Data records
▼▼▼

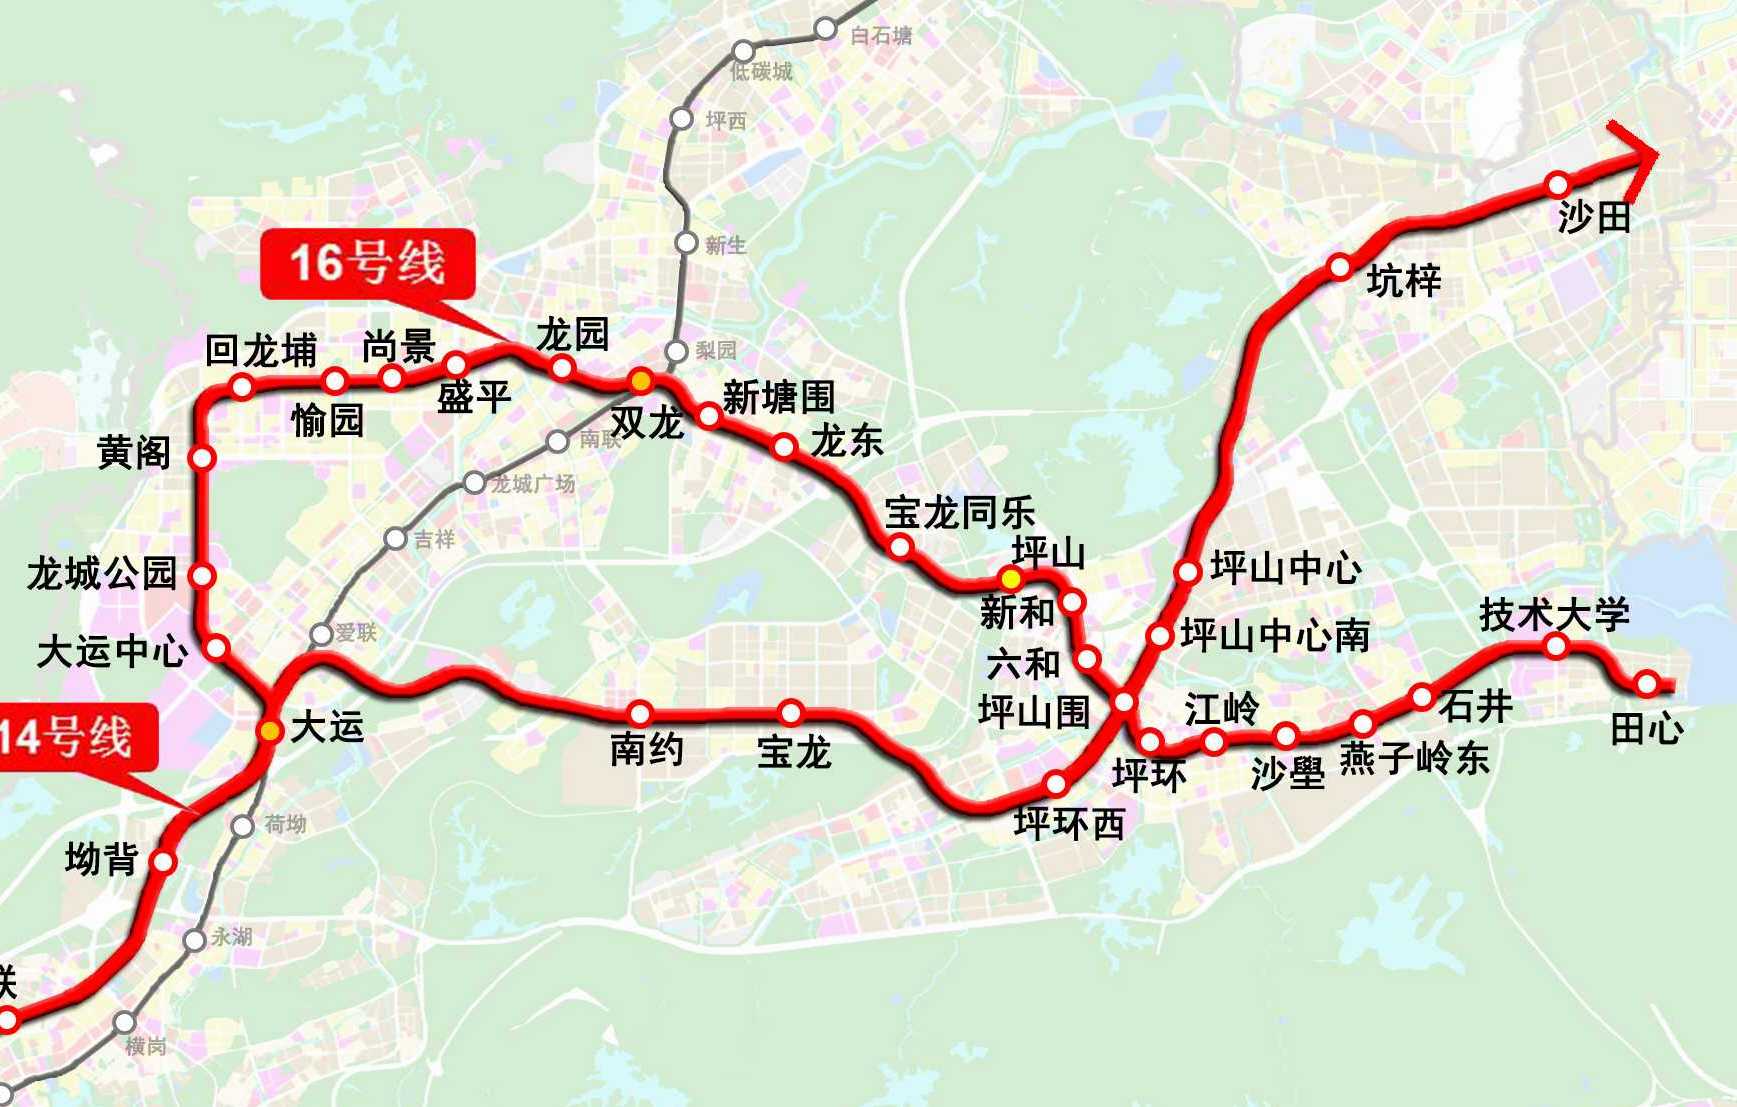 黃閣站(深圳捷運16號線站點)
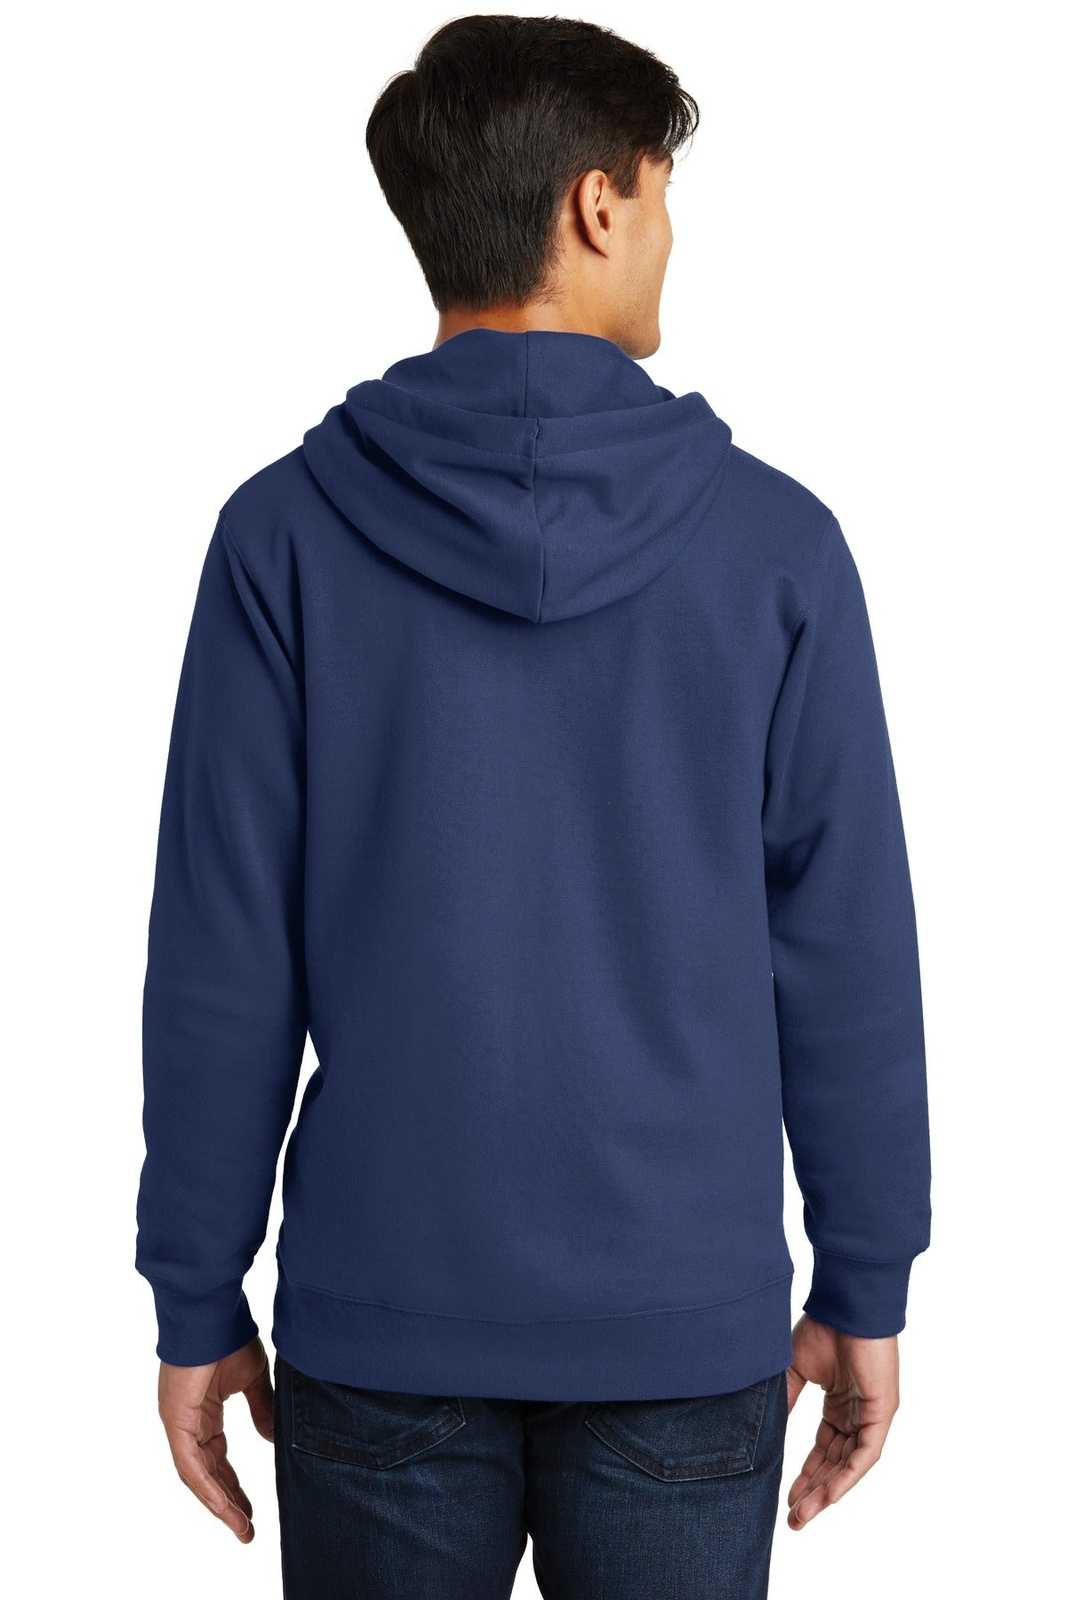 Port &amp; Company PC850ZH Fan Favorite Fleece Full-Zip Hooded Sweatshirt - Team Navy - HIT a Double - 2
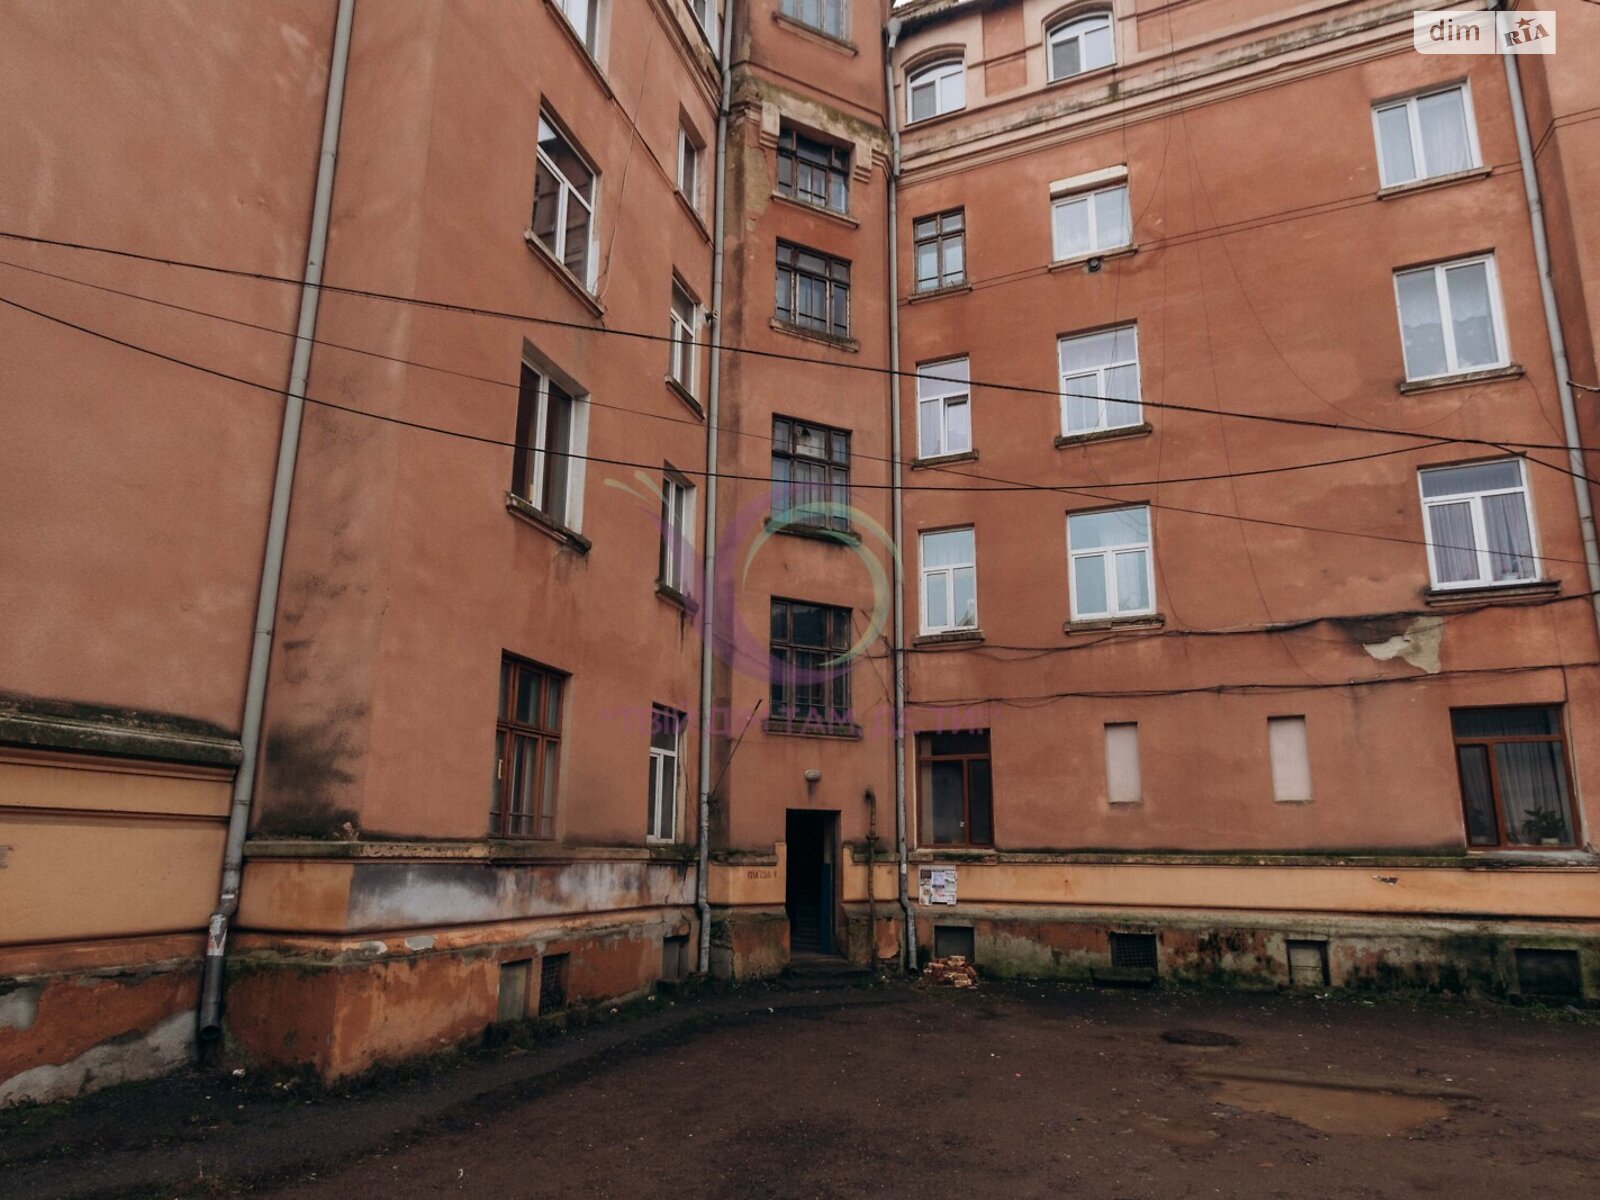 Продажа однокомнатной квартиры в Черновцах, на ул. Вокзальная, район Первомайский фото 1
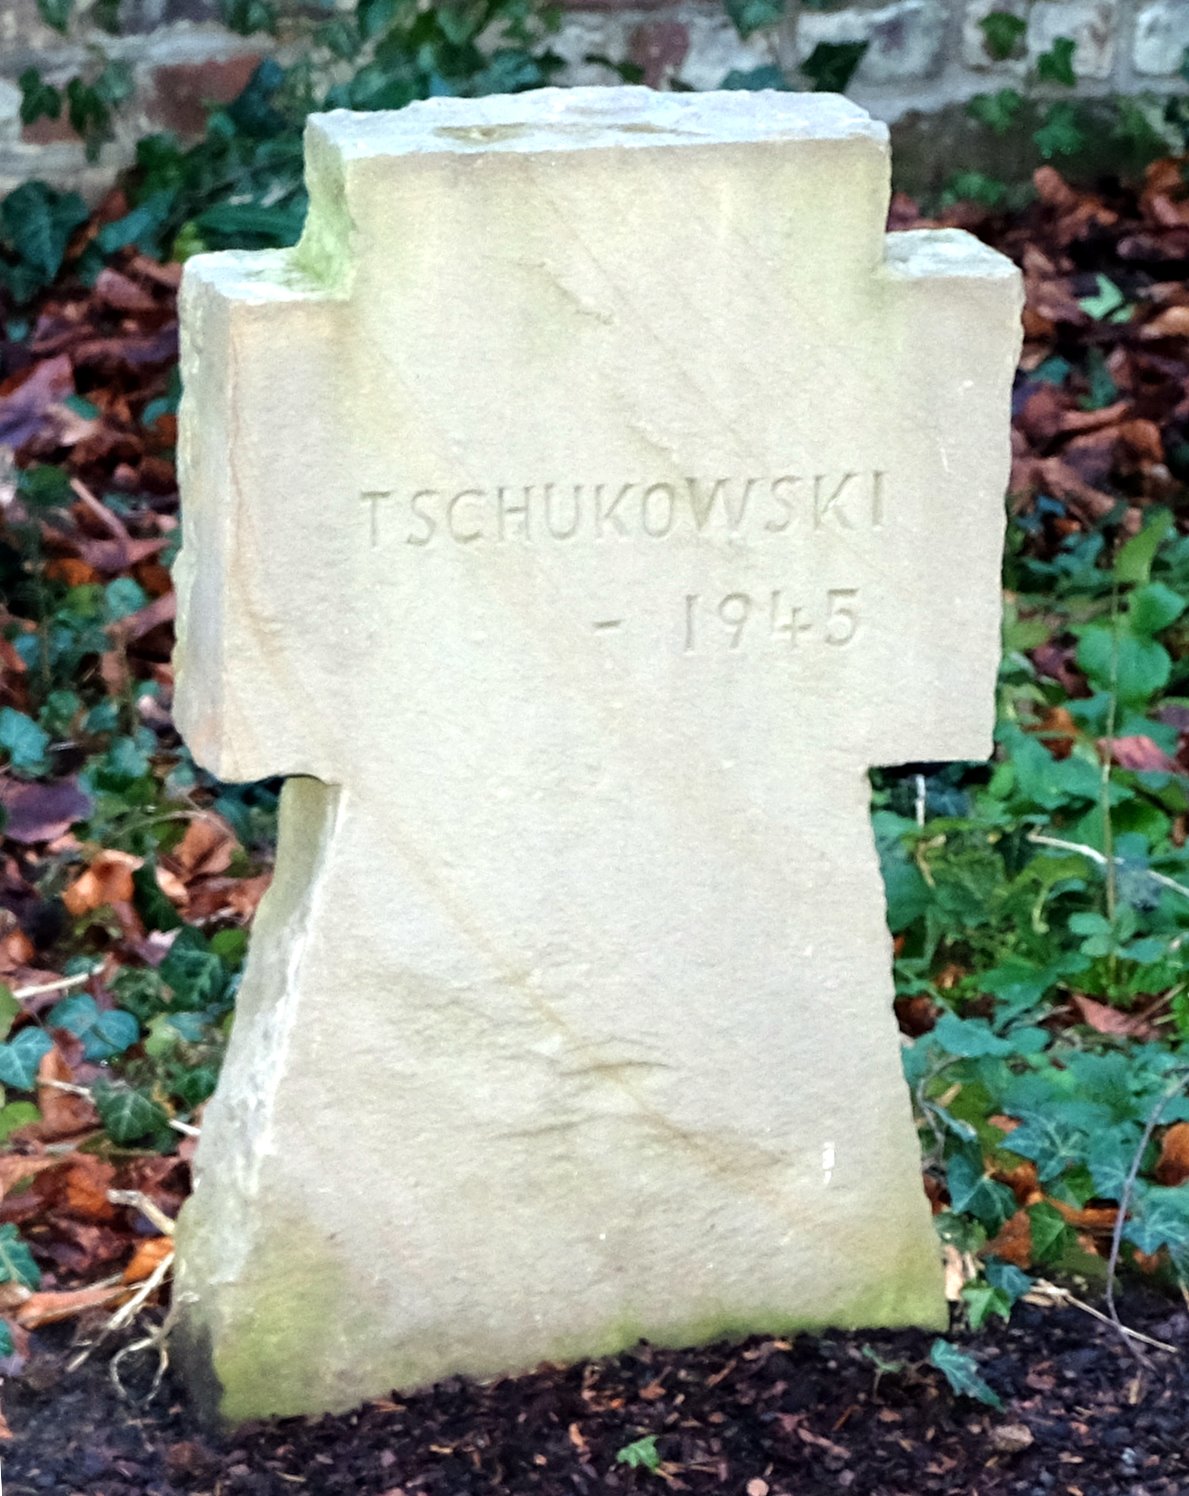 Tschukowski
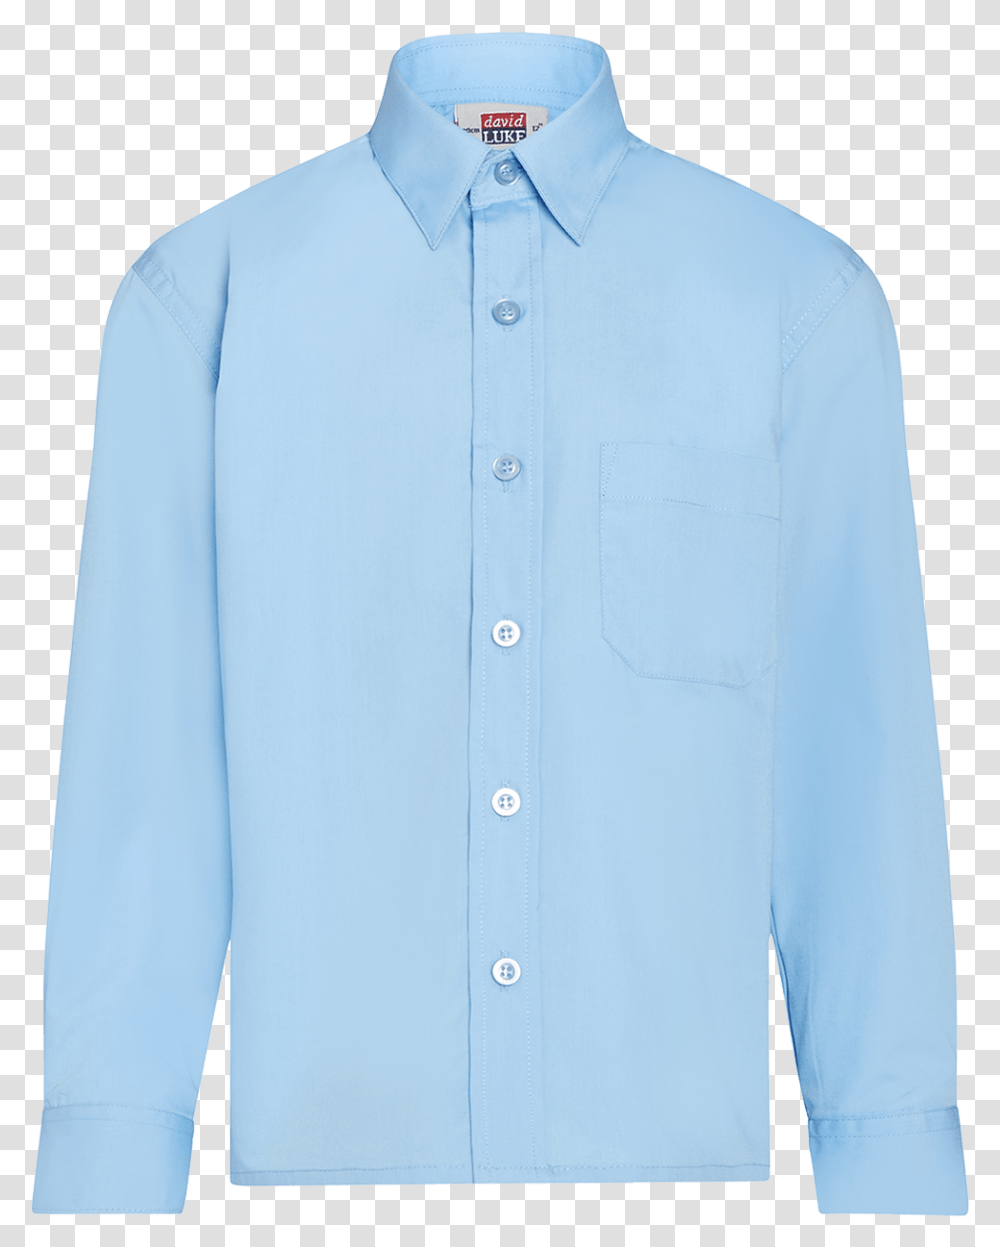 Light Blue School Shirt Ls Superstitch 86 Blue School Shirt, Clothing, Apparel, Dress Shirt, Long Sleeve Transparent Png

▲▲▲

Instructions for the task
Each entry is to be given again exactly as it stands, with its pictures removed.

Task response
 黃閣站(深圳捷運16號線站點)
 Port &amp; Company PC850ZH Fan Favorite Fleece Full-Zip Hooded Sweatshirt - Team Navy - HIT a Double - 2
 Продажа однокомнатной квартиры в Черновцах, на ул. Вокзальная, район Первомайский фото 1
 Tschukowski
 Light Blue School Shirt Ls Superstitch 86 Blue School Shirt, Clothing, Apparel, Dress Shirt, Long Sleeve Transparent Png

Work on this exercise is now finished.